I just want to pour some hot chocolate and curl up right under this lovely thing. The final touches of lavender and delicate chocolate cosmos add some richness to the palette.


Above you can see that I focused on clustering some of the face flowers, like the roses and ranunculus. This is a particularly nice effect when using a more traditional bloom such as a rose. If you cluster several together, the arrangement is elevated.


When I listen to Girlfriend, I am hit with a major wave of nostalgia. The album represents a very specific time in my life that was filled with young heartbreak and future promise all at once. Today I wanted to create a design that was both tender and sweet but also hinted at coming of age. Ultimately, all great romances include a dynamic mix of colors and textures.

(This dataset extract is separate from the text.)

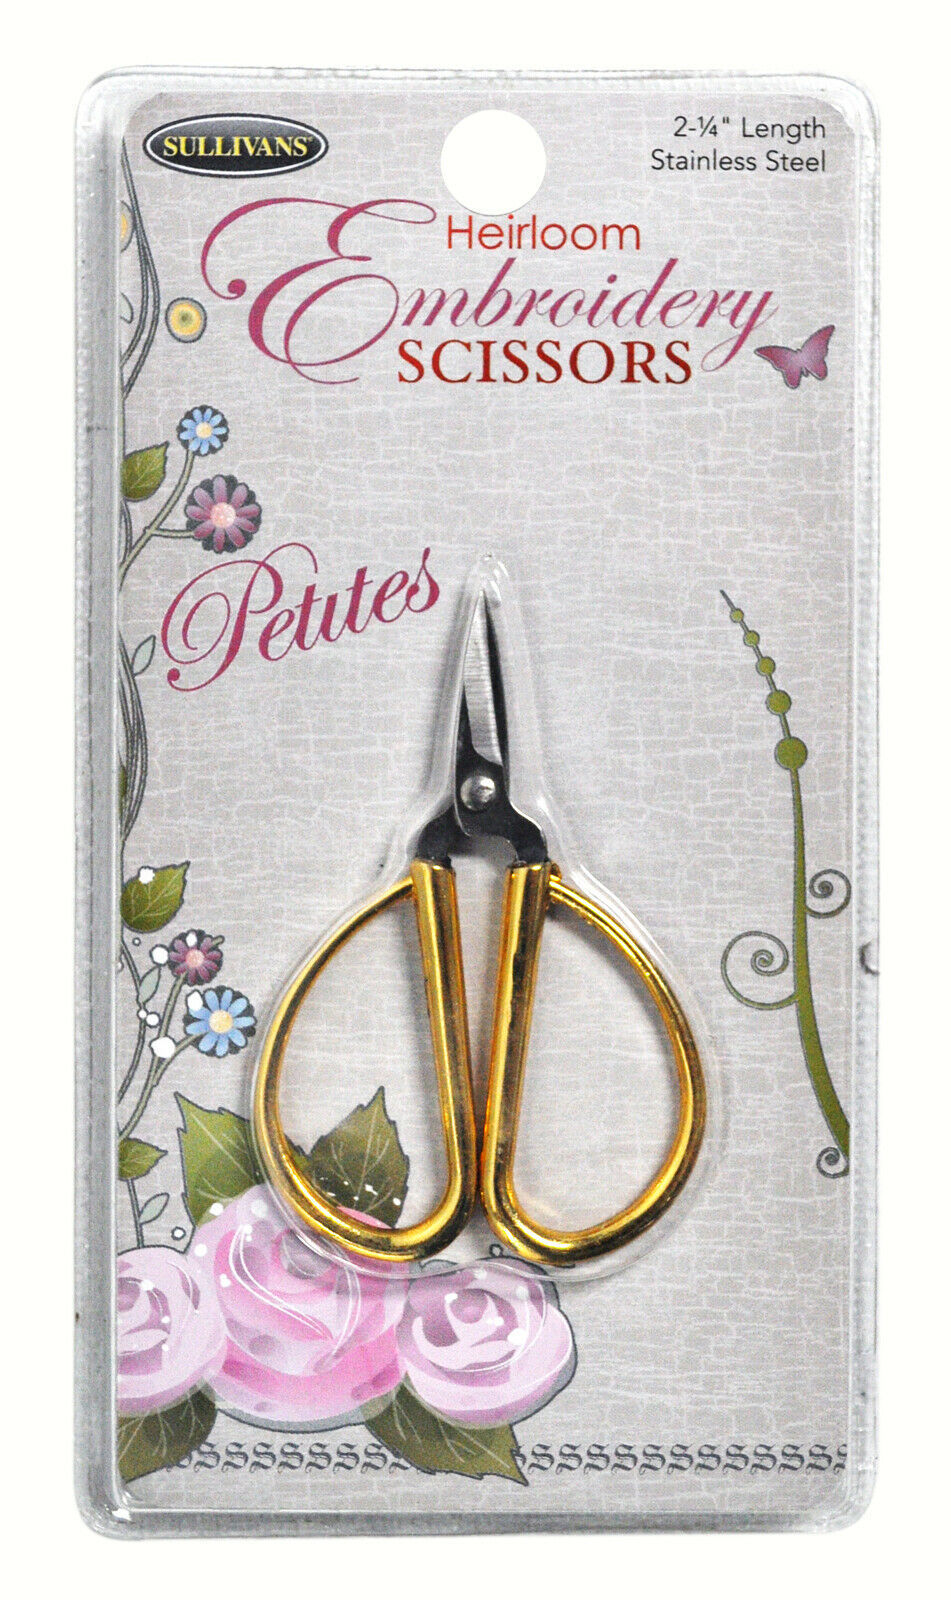 Sullivans Petites Heirloom Embroidery Scissors Gold - $9.86

Join me back here in two weeks when I delve into another sonic adventure with flowers.

Noreen

I LOVE that album!! When I purged a lot of my cds, this was one I couldn’t part with. And that cover photo — to die for. The flowers in this post are beautiful =)

Jenni

One of my gfs received a bouquet for VDday that had an interesting flower that I was really curious about but had no idea of the name. Thank you for this flower breakdown, beautiful arrangement by the way! The flower I was looking for is the protea.

Thanks!!

Sarah LoCascio

This is so unbelievably beautiful…I absolutely love the way you took inspiration from that photo and the music, and tied it all together with the flowers in such a completely successful way. This is one of the most amazing arrangements I’ve seen, almost effortless looking, but stunningly beautiful.
Loved looking at this..thank you
xo

Sarah

WOW! This i a great arrangement. I love how it’s soft, yet those touches of deep red and burgundy give the bouquet such depth! That sumac has such an interesting texture, I’ve never seen that one before!

Beth

Oh my gosh I loved this album in high school; I never would have appreciated the back story then. The bouquet really has a nostalgic romance feel to it. Perfection.

thalia wallace

Incredibly gorgeous/ flowing arrangement…if i may say however the lovely Ms Weld (b.1943) rather blossomed in the ’70s-80’s..we could just mention Looking for Mr. Goodbar (1977) and Once Upon a Time in America (1984) :-)

Amy Di Fiore

Who is the girl in the photo will the fur? Looks like Tuesday Weld. She’s was a little older than me but I seem to remember that teenage face from the movies in the early sixties.

Sharon

Matthew Sweet’s “Girlfriend” is not an album solely based on feelings surrounding his divorce. He had met someone new and some songs are wrapped up in those feelings, as well. This makes the album, in my view, even more substantial. The cover photo is of Tuesday Weld. He had to secure rights from her to use her photo. Originally, the album was called “Nothing Lasts”, but at the last minute, worried that Ms. Weld, would not give rights, he changed the name to “Girlfriend” which he thought was more positive.

Anna

What a lovely arrangement! I hope you don’t ruin your mercury glass with water! I put my Christmas arrangement in a fabulous mercury glass vase from West Elm, and it was ruined! All of the leafing came off from inside the vase. :(

Sarah

Hi All! Thanks for all the great feedback. @Anna: YES! Mercury Glass is very tricky that way. It is created by dipping the vase into liquid leafing that marbles to create that antique effect. Unfortunately, depending on the process, the leafing can rub away within a few uses. I try not to scrape the inside of the vase with stems as much as possible, to try and make the arrangement last longer. Also, never put flower “food” in a mercury glass, as the chemical that eats the fungus and keeps the water clean also eats the leafing. Other than that, you either have to accept that mercury glass is not a long-lasting flower container or use it for candles or another decorative item. If you are really ambitious, you can try to place a smaller, clear glass vase within the mercury glass. Good luck!